Ricorso inammissibile: la Cassazione ribadisce l’onere di specificità
Quando si presenta un ricorso alla Corte di Cassazione, non è sufficiente esprimere un generico dissenso verso una sentenza di condanna. È fondamentale che i motivi siano specifici, pertinenti e giuridicamente fondati. Un recente provvedimento della Suprema Corte ha confermato questo principio, dichiarando un ricorso inammissibile perché basato su critiche vaghe e sulla richiesta di una nuova valutazione dei fatti, operazione non consentita in sede di legittimità. Analizziamo insieme questa ordinanza per capire meglio i requisiti di un ricorso efficace.
I Fatti del Caso
La vicenda processuale ha origine dalla condanna di un individuo per la violazione dell’articolo 75, comma 2, del D.Lgs. 159/2011. L’imputato era soggetto a una misura di prevenzione che gli imponeva di rimanere presso la propria abitazione in determinate ore.

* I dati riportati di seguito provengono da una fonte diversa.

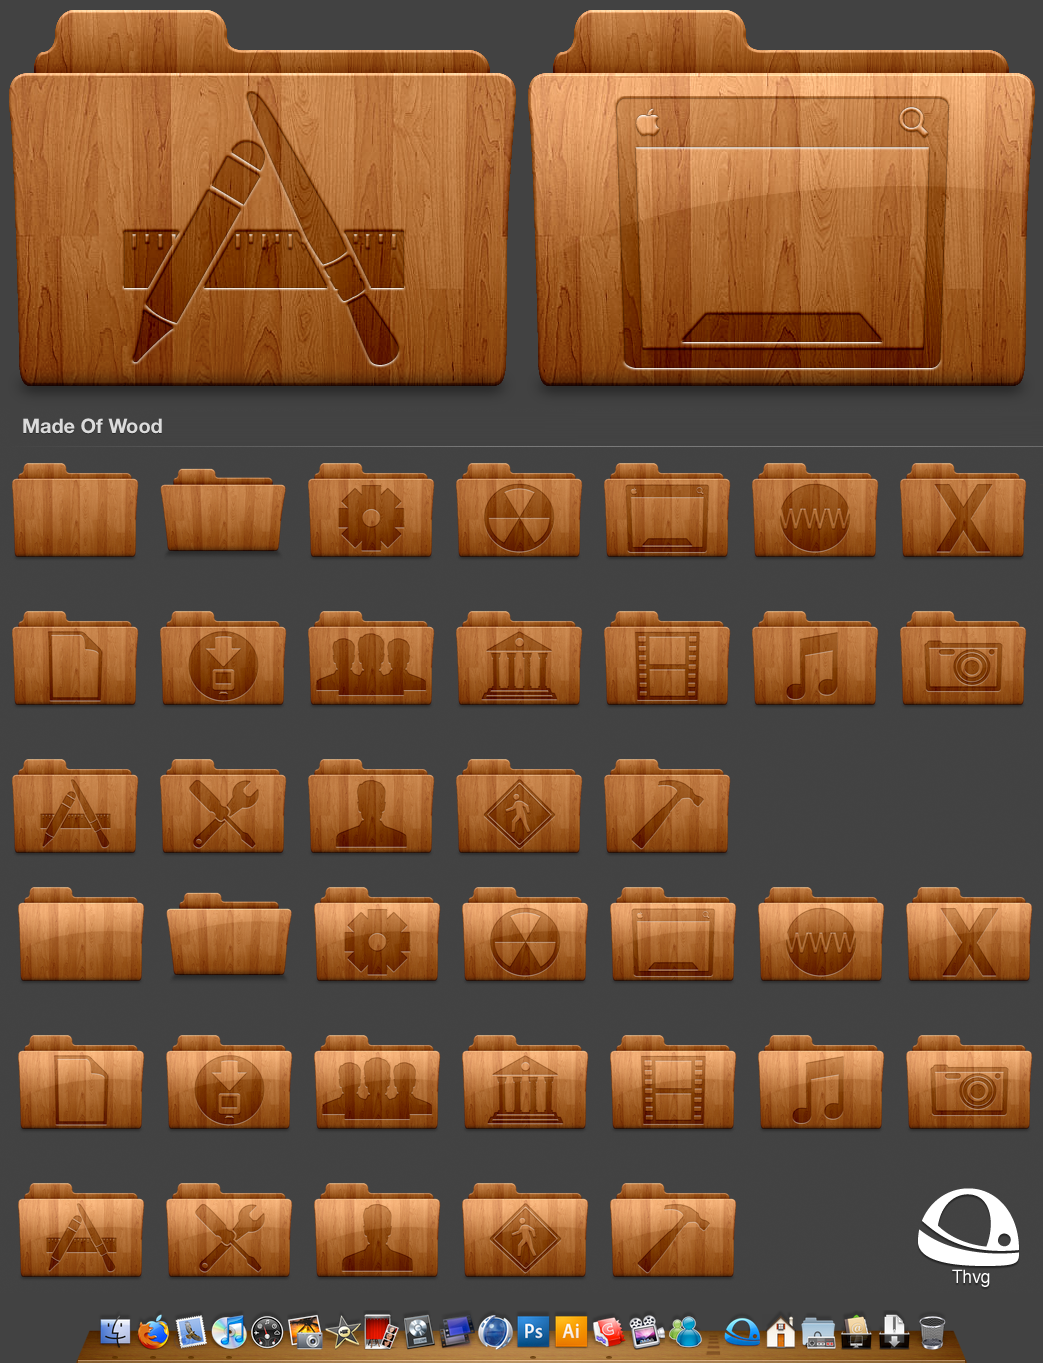 Games,Font,Adventure game,Puzzle,Screenshot,Wood,Toy,Wood stain,Fictional character,Metal

Durante un controllo effettuato in data 20 novembre 2015, alle ore 20:47, le forze dell’ordine accertavano la sua assenza. La violazione era stata confermata anche dalla moglie dell’imputato, la quale aveva dichiarato che il coniuge si era allontanato senza alcuna giustificazione. Sia il Tribunale di primo grado che la Corte d’Appello avevano confermato la sua responsabilità penale, condannandolo a una pena detentiva, pur riconoscendo le attenuanti generiche.
Analisi del Ricorso Inammissibile Presentato dall’Imputato
Contro la sentenza della Corte d’Appello, l’imputato, tramite il suo difensore, ha proposto ricorso per Cassazione. I motivi del ricorso, tuttavia, sono stati giudicati dalla Suprema Corte come palesemente generici, non supportati da specificità e pertinenza. Le critiche mosse alla sentenza impugnata si limitavano a denunciare presunti difetti di contraddittorietà e illogicità della motivazione, senza però individuarli concretamente nel provvedimento.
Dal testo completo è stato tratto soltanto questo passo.